Work to complete: Set the material down again exactly, line by line, skipping each picture.

Dataset section:
————

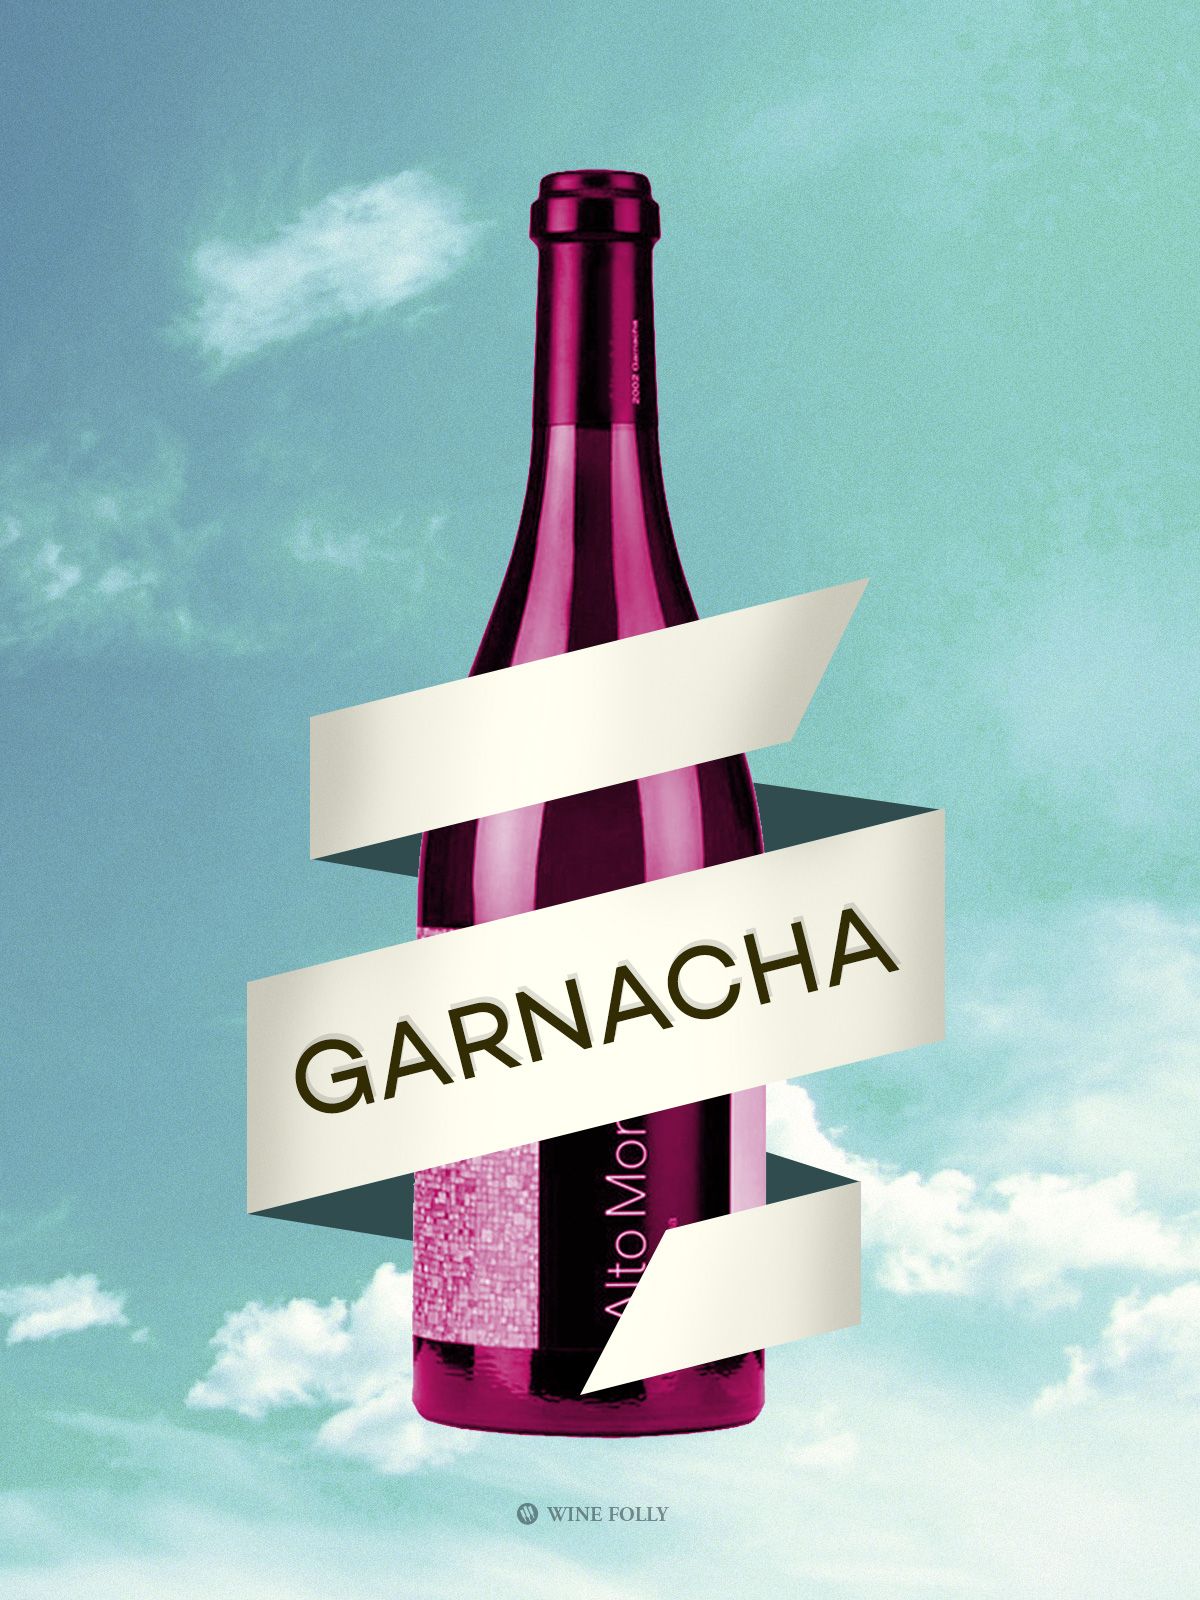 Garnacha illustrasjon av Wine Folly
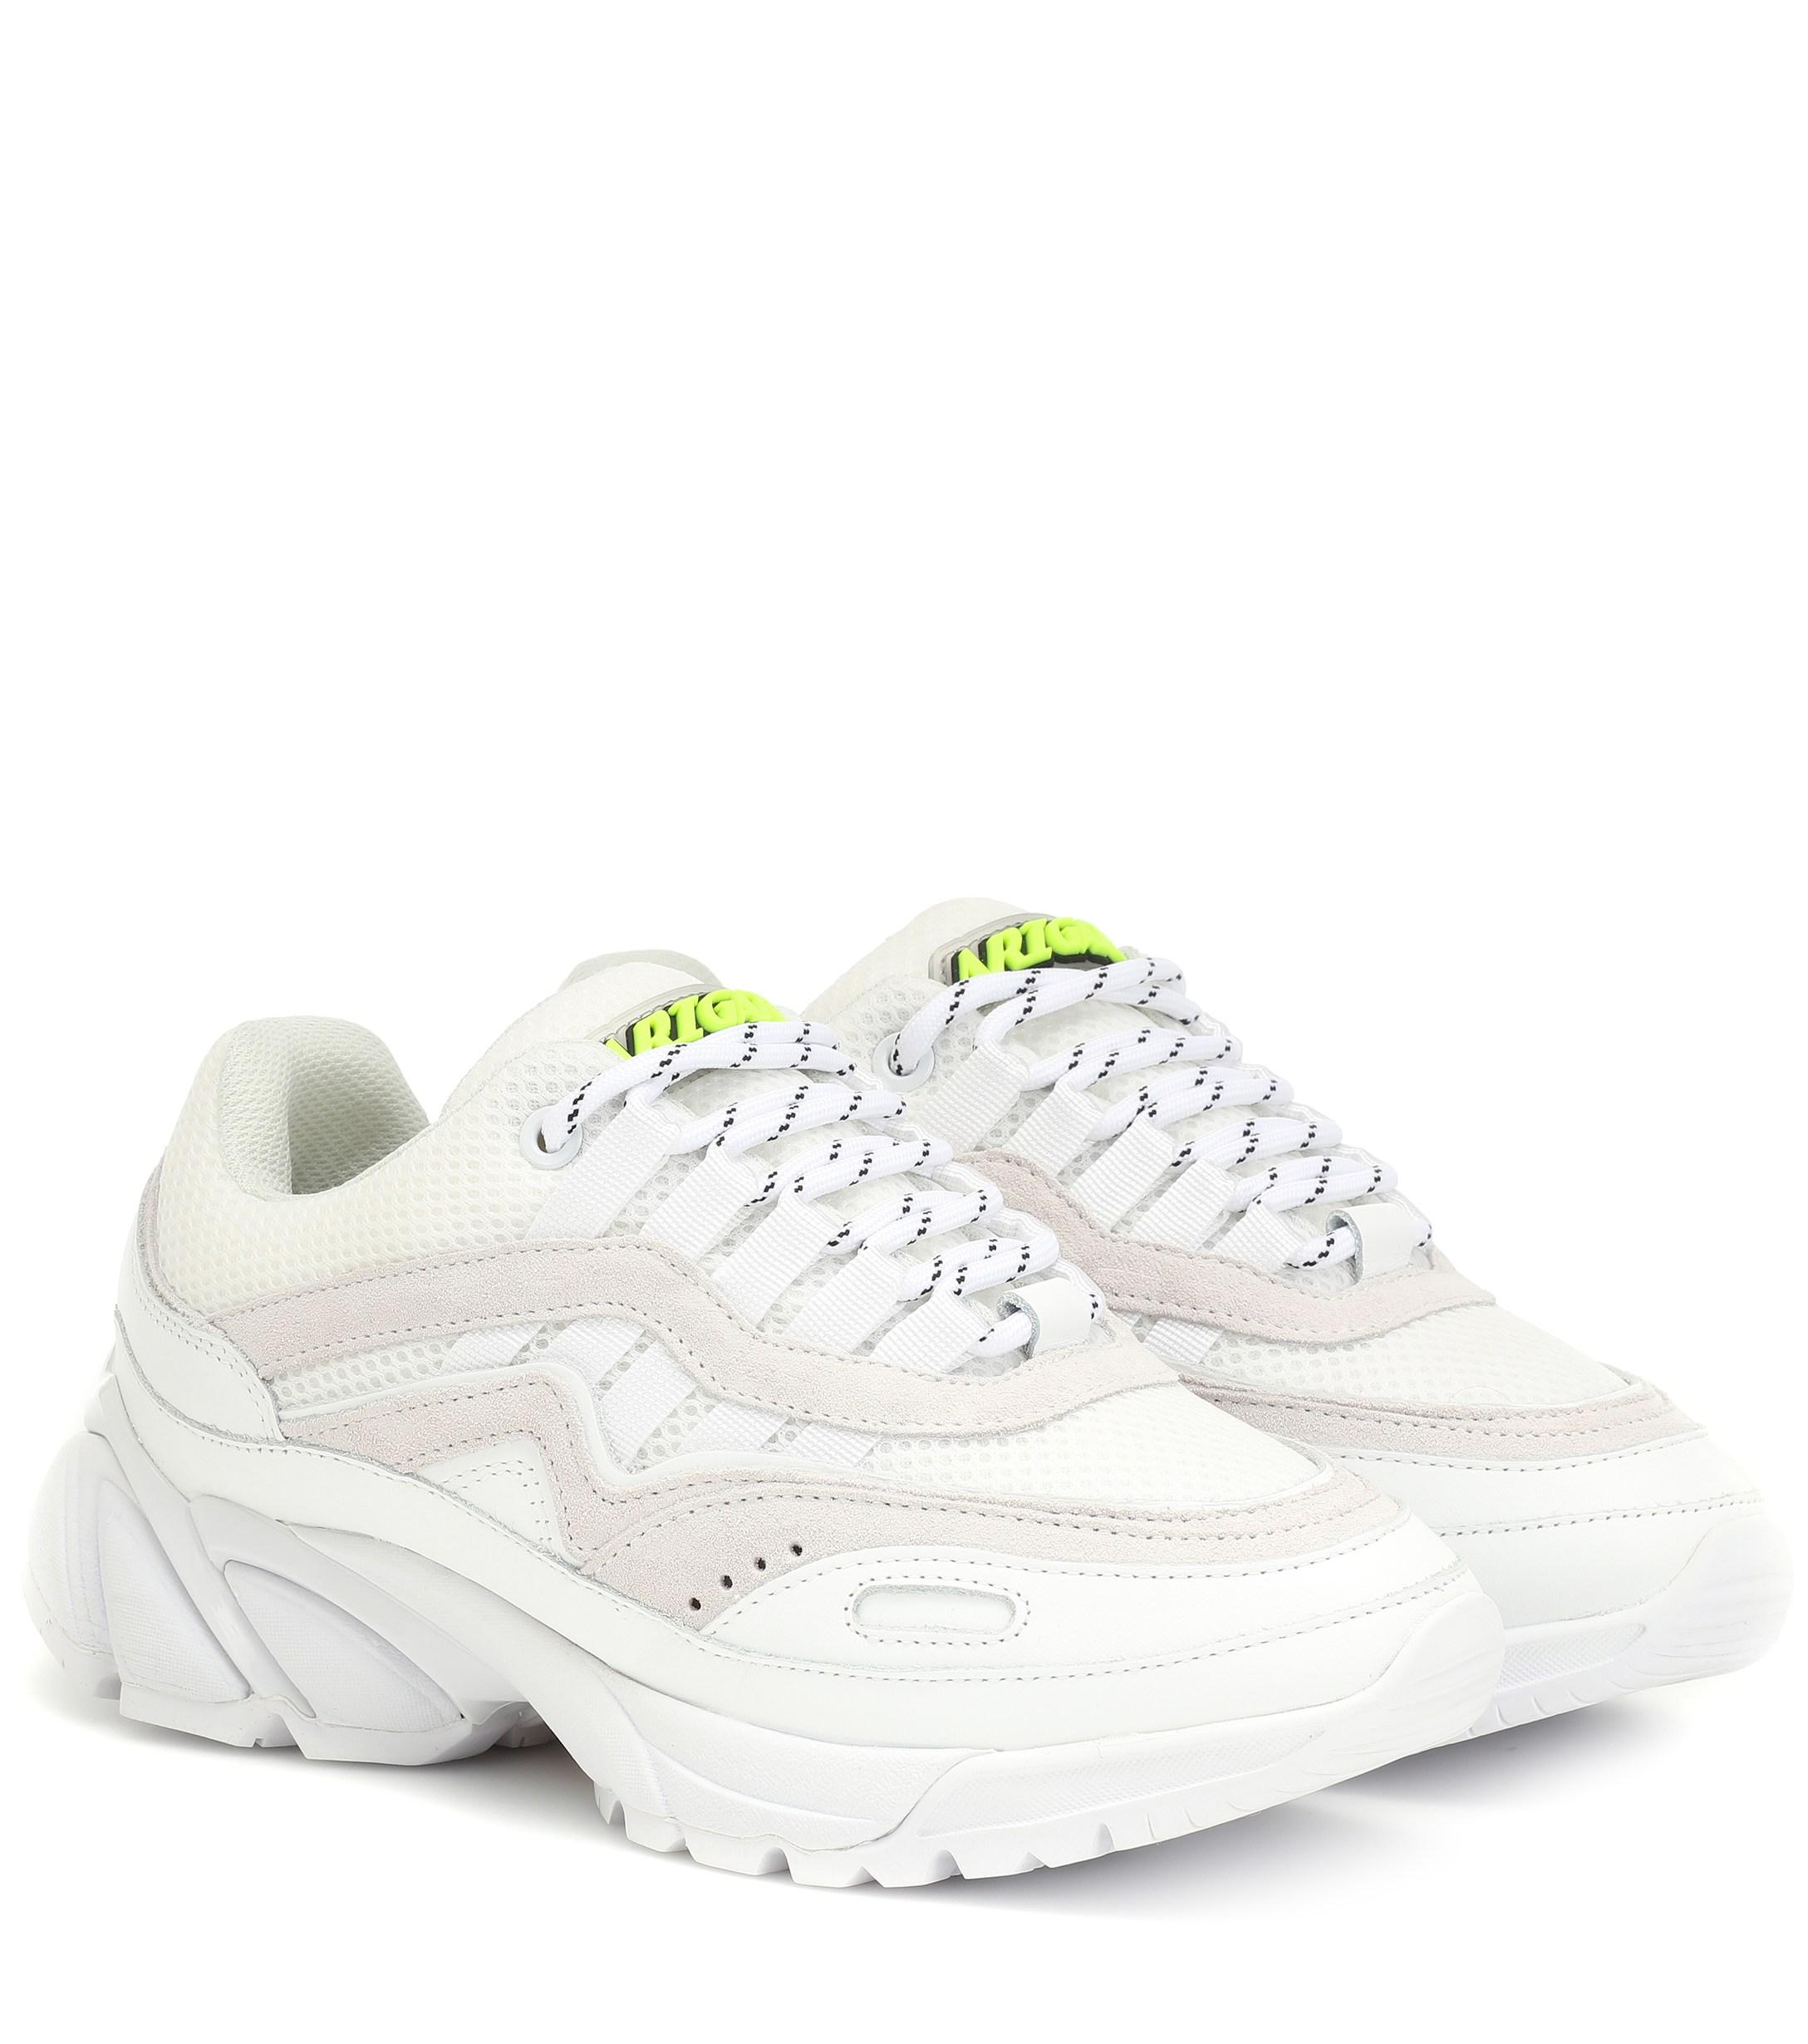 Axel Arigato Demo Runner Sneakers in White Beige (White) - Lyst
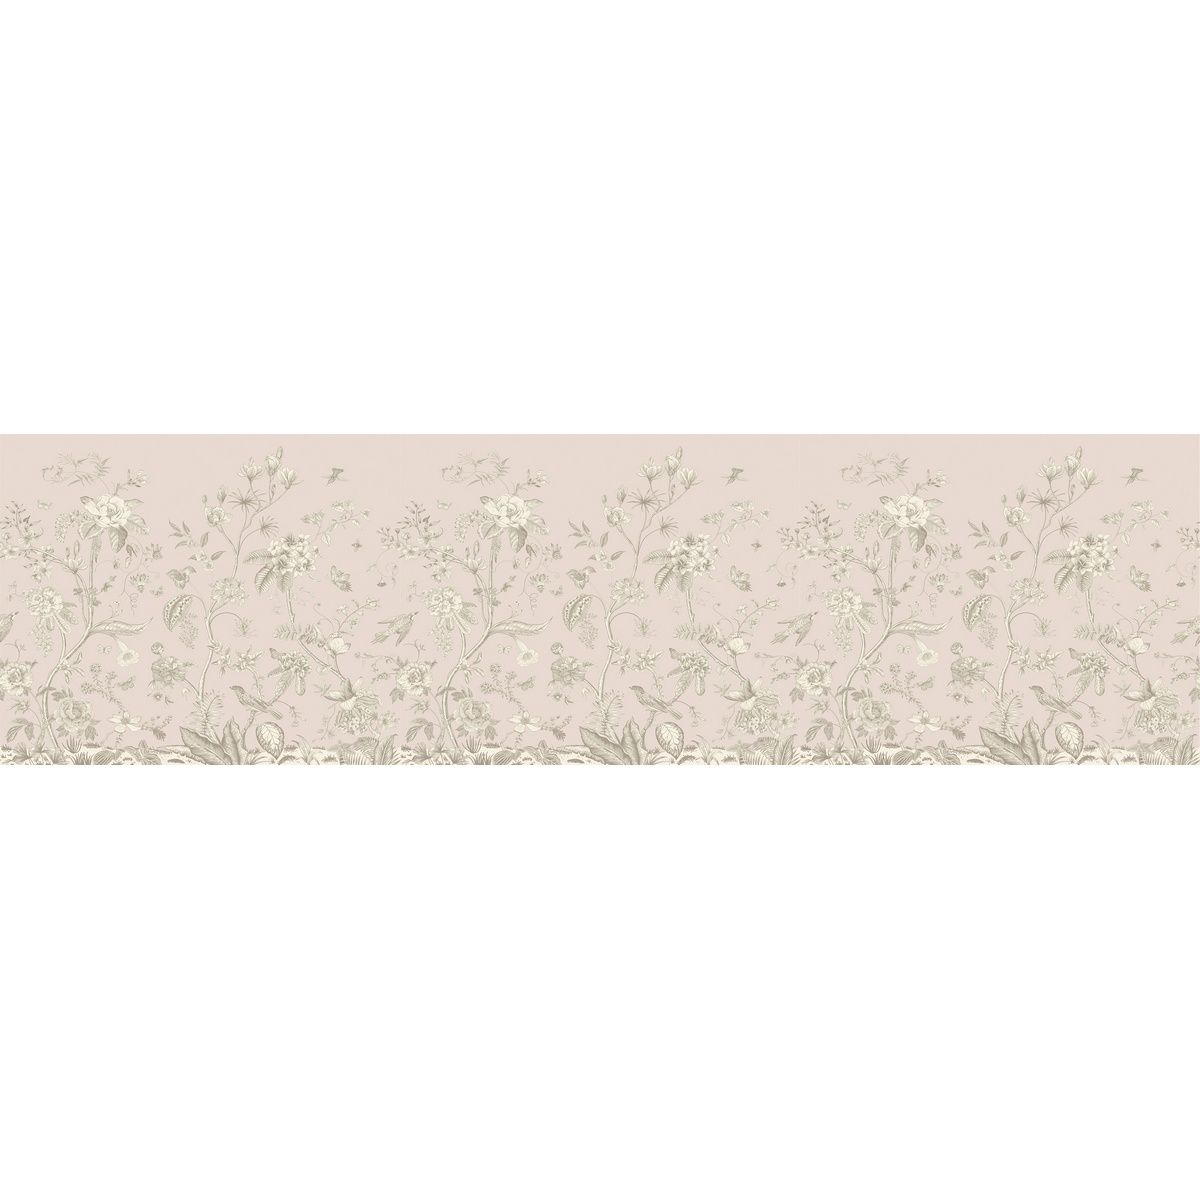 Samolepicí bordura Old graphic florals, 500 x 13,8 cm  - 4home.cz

————

Answer space:
 Garnacha illustrasjon av Wine Folly
 Axel Arigato Demo Runner Sneakers in White Beige (White) - Lyst
 Samolepicí bordura Old graphic florals, 500 x 13,8 cm  - 4home.cz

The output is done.